┌──
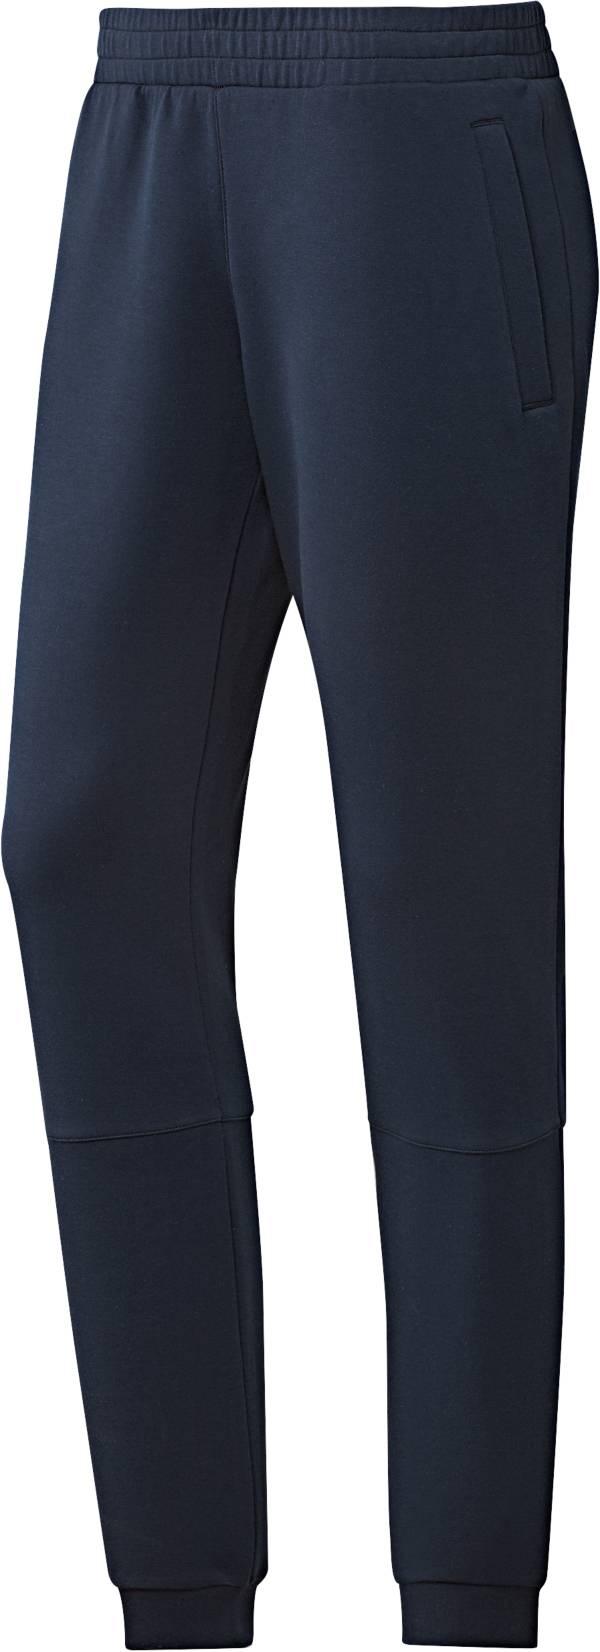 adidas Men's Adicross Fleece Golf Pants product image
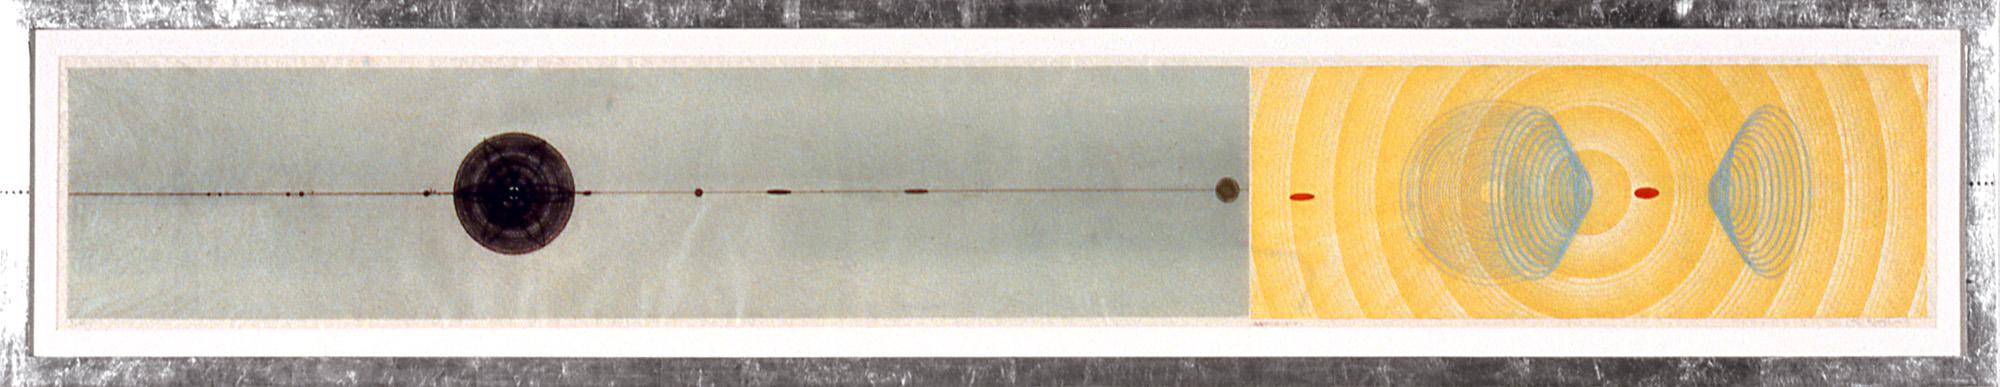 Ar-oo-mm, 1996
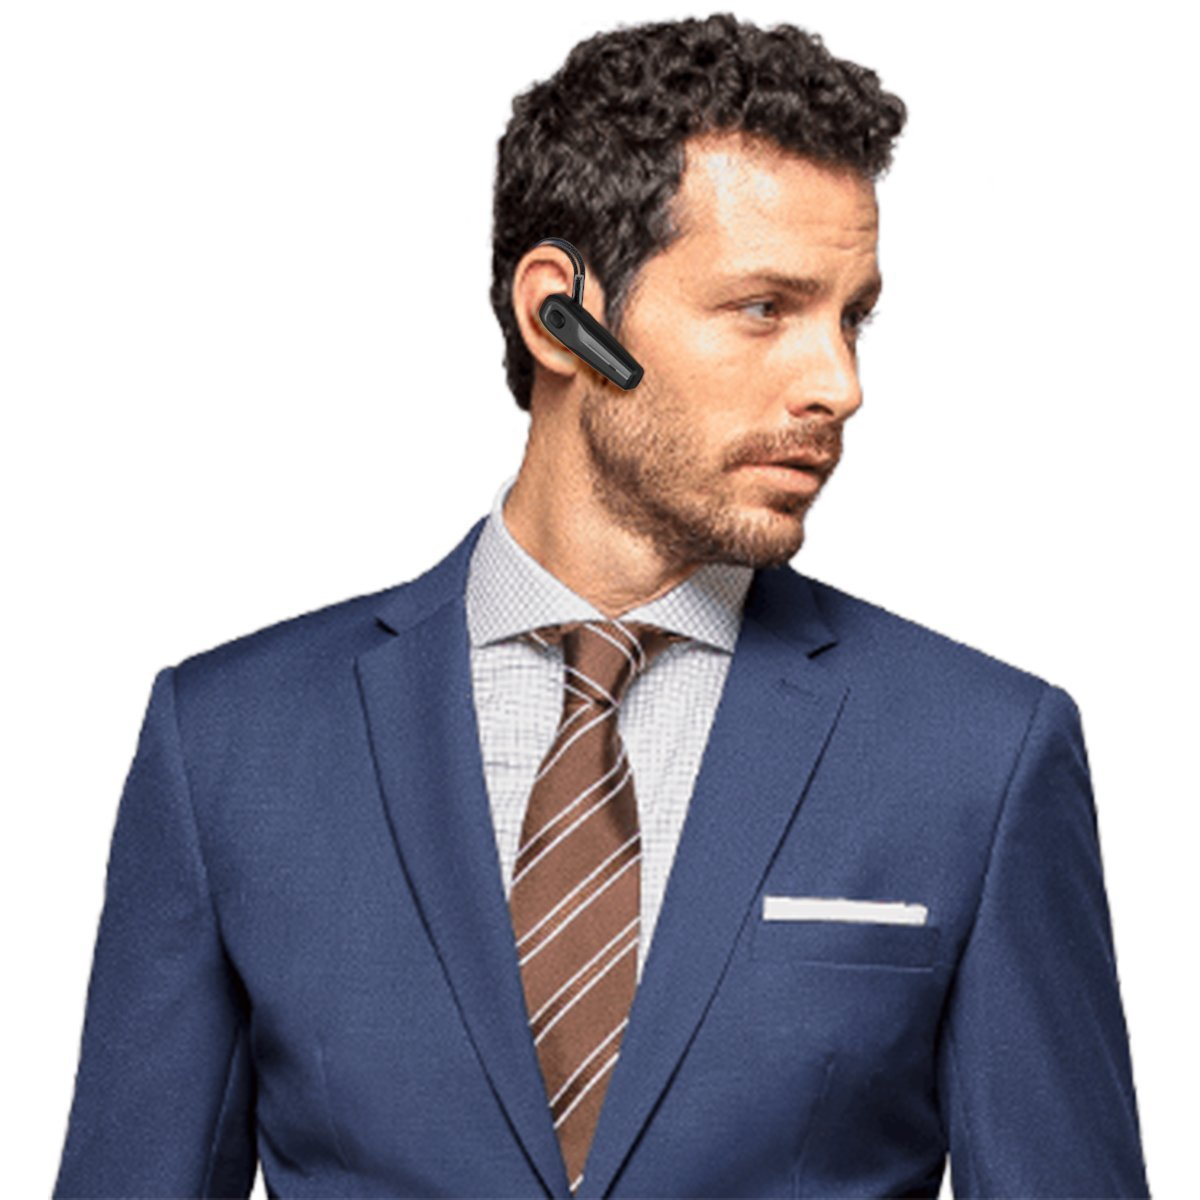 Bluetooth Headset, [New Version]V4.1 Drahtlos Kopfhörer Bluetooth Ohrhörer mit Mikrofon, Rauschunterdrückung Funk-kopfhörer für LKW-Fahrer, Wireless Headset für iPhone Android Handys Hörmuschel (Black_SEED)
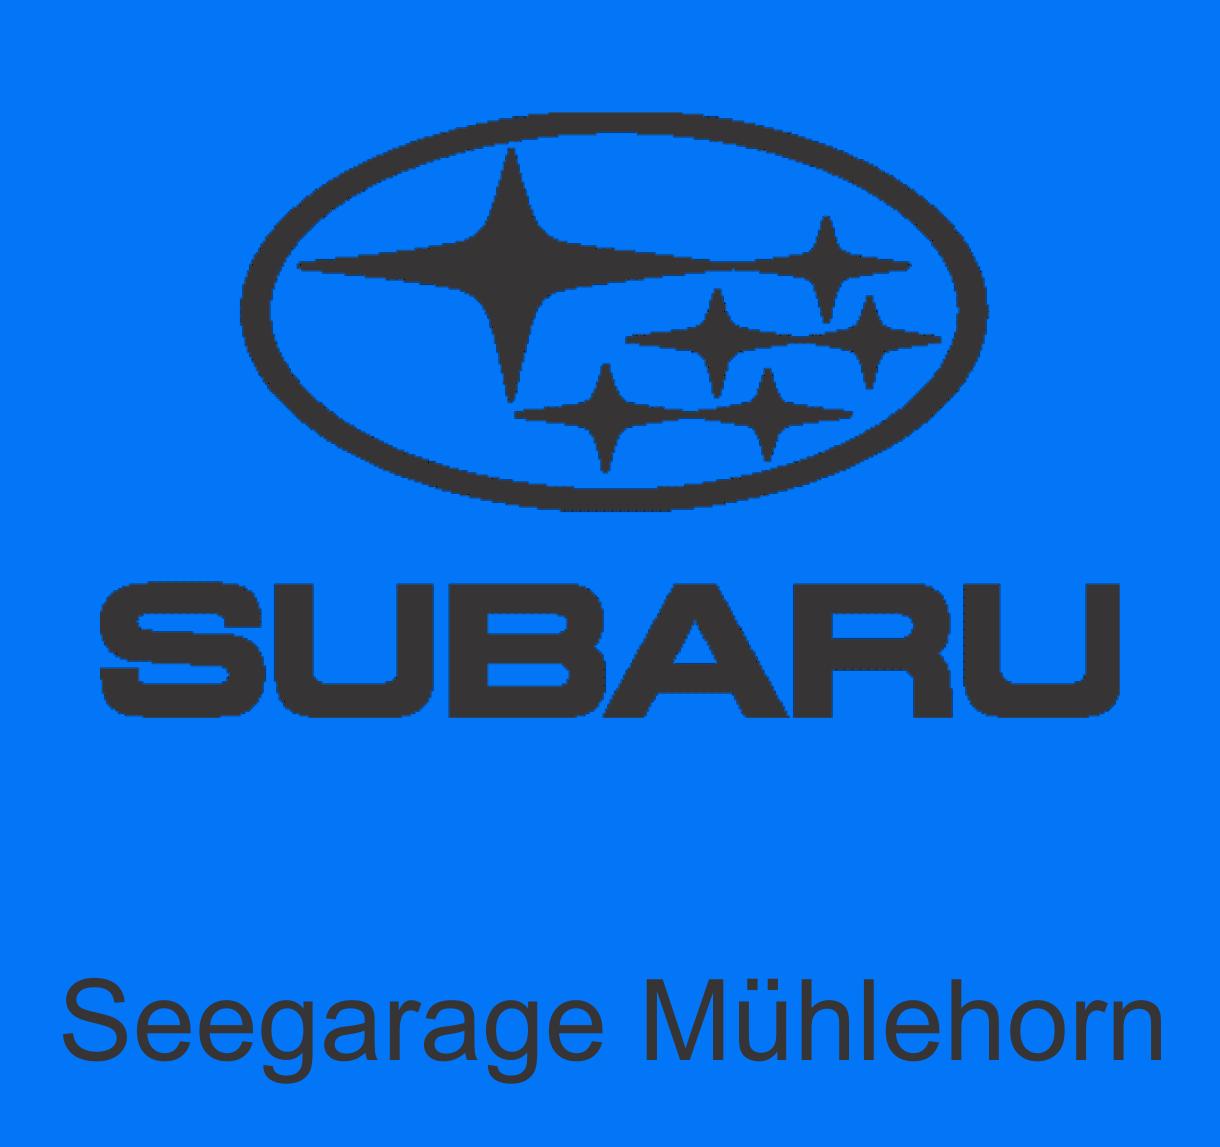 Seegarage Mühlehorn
└──
The answer is to be the lines of the listing from the first through the one with "Bluetooth Headset, [New", reproduced exactly, without any pictures.

 adidas Men's Adicross Fleece Golf Pants product image
 Ar-oo-mm, 1996
 Bluetooth Headset, [New Version]V4.1 Drahtlos Kopfhörer Bluetooth Ohrhörer mit Mikrofon, Rauschunterdrückung Funk-kopfhörer für LKW-Fahrer, Wireless Headset für iPhone Android Handys Hörmuschel (Black_SEED)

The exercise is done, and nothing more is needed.